_TASK OBJECTIVE_. From the material below, copy exactly the lines beginning with the one that contains "Glitter Satchel Bag" and ending with the one that contains "Slow worm close up - Stock Image"; the pictures stay out.

_RECORDS_.
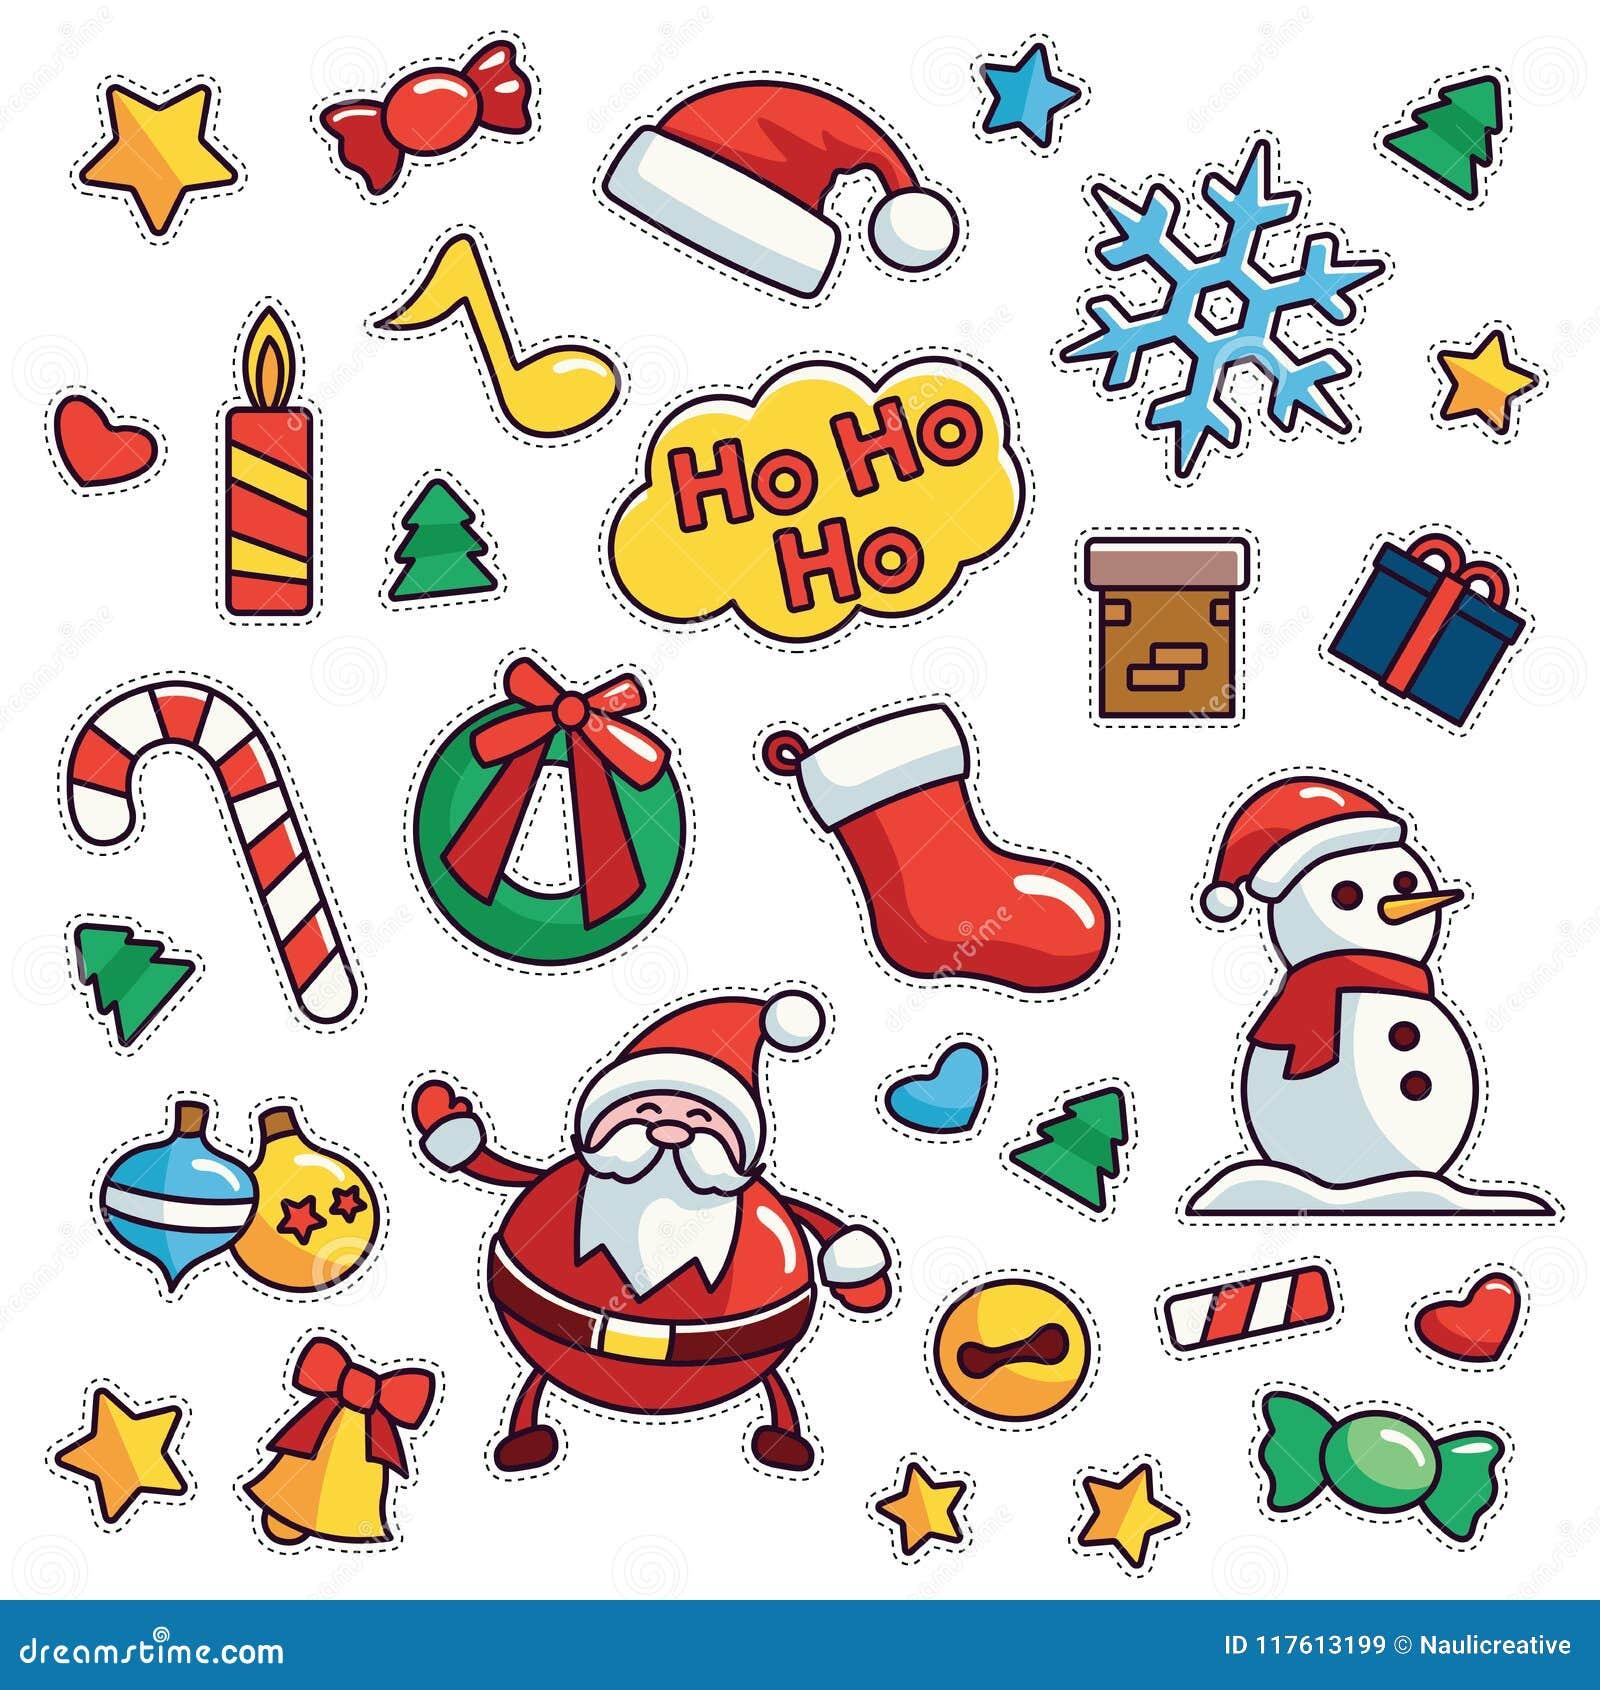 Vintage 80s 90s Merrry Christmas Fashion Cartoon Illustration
--
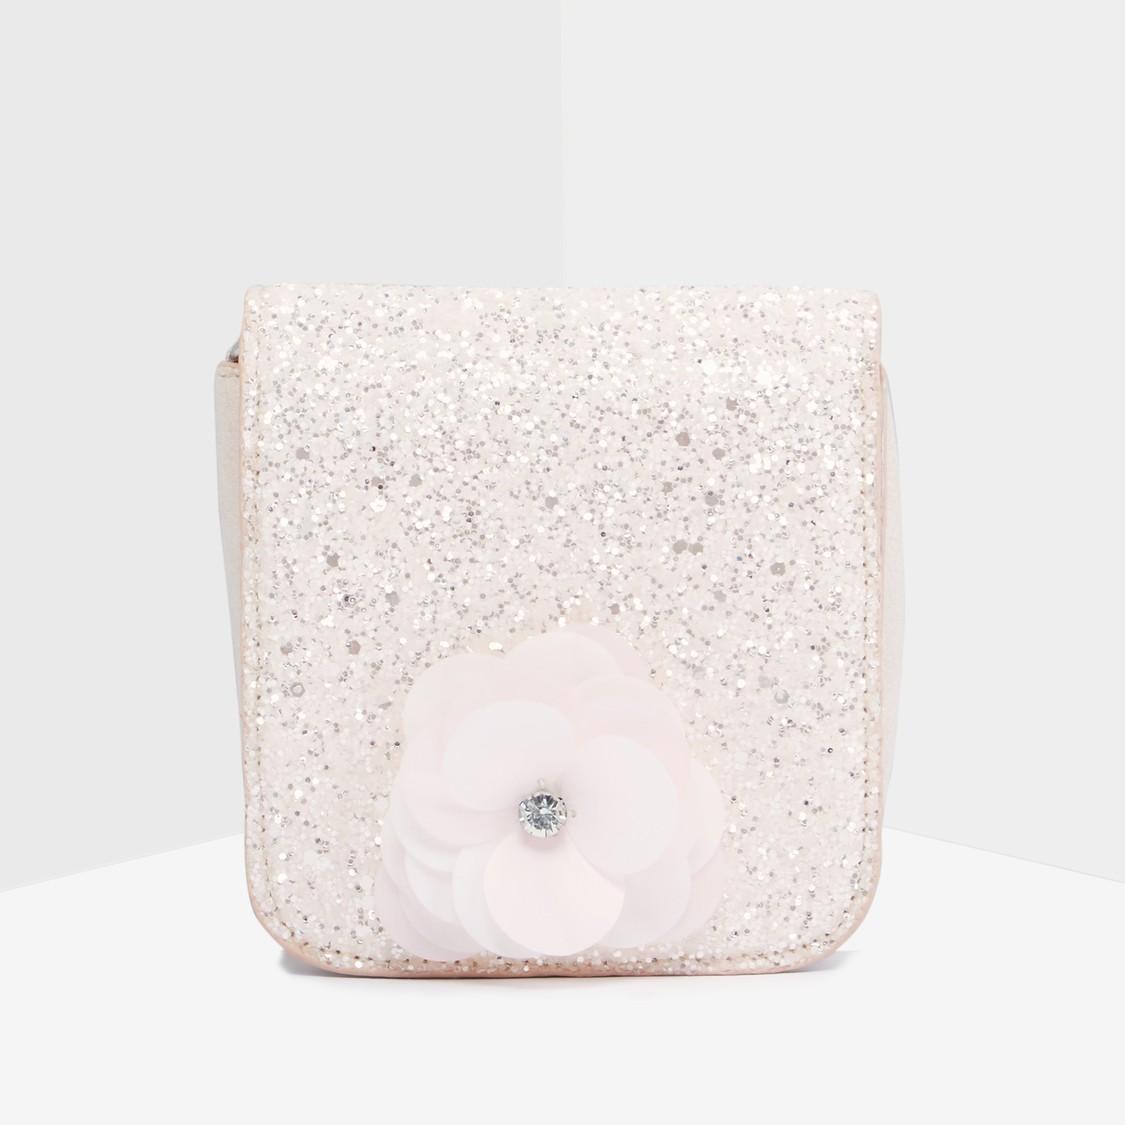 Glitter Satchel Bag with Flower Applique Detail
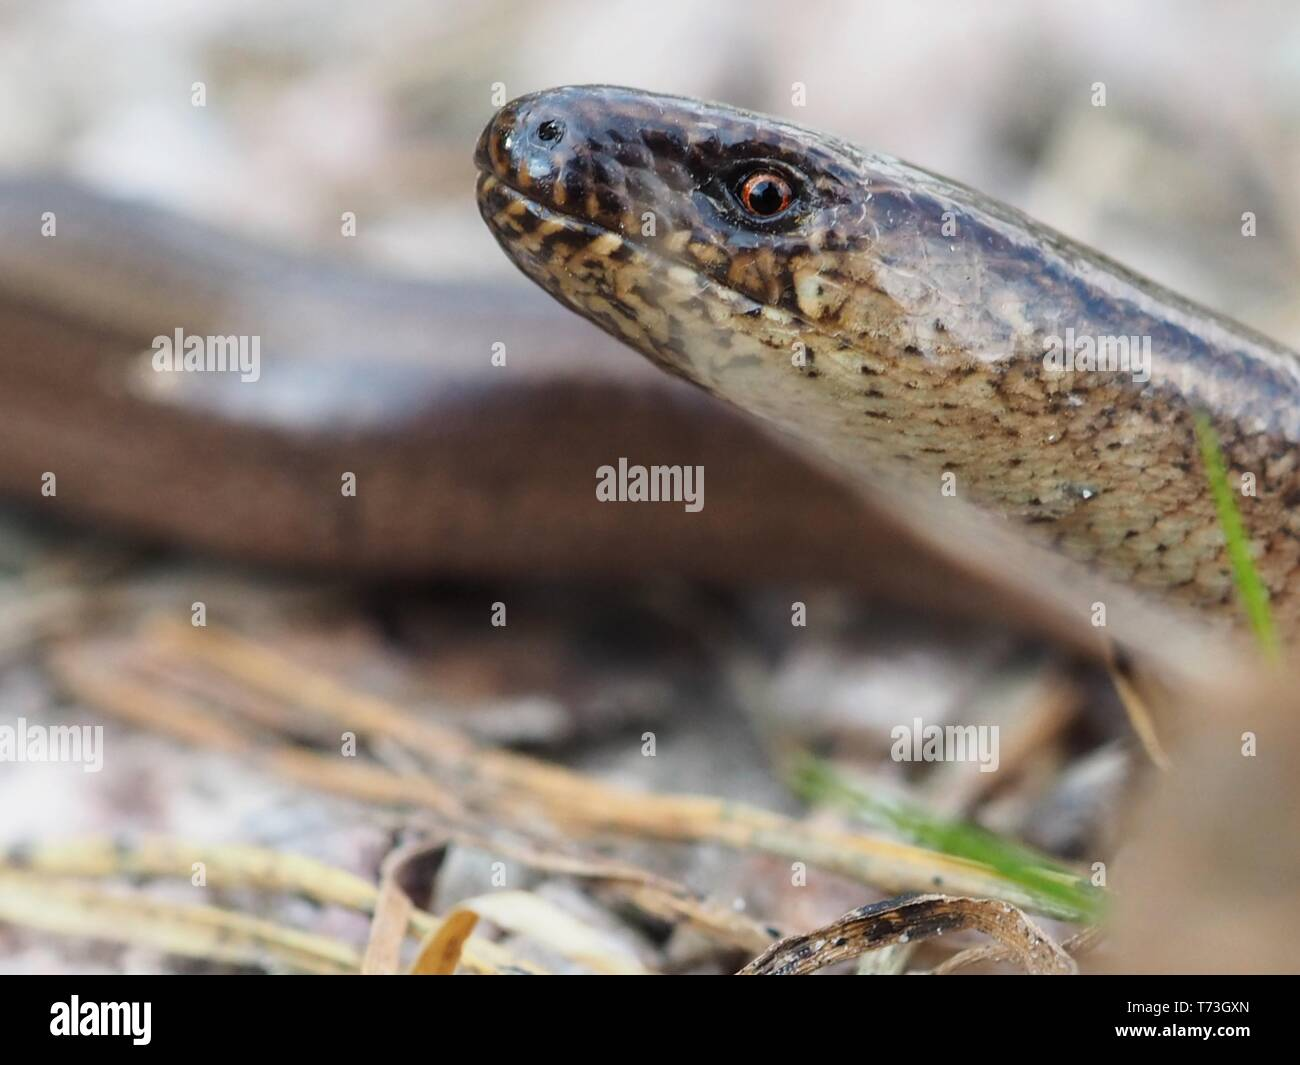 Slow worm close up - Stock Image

_EXERCISE SOLUTION_.
 Glitter Satchel Bag with Flower Applique Detail
 Slow worm close up - Stock Image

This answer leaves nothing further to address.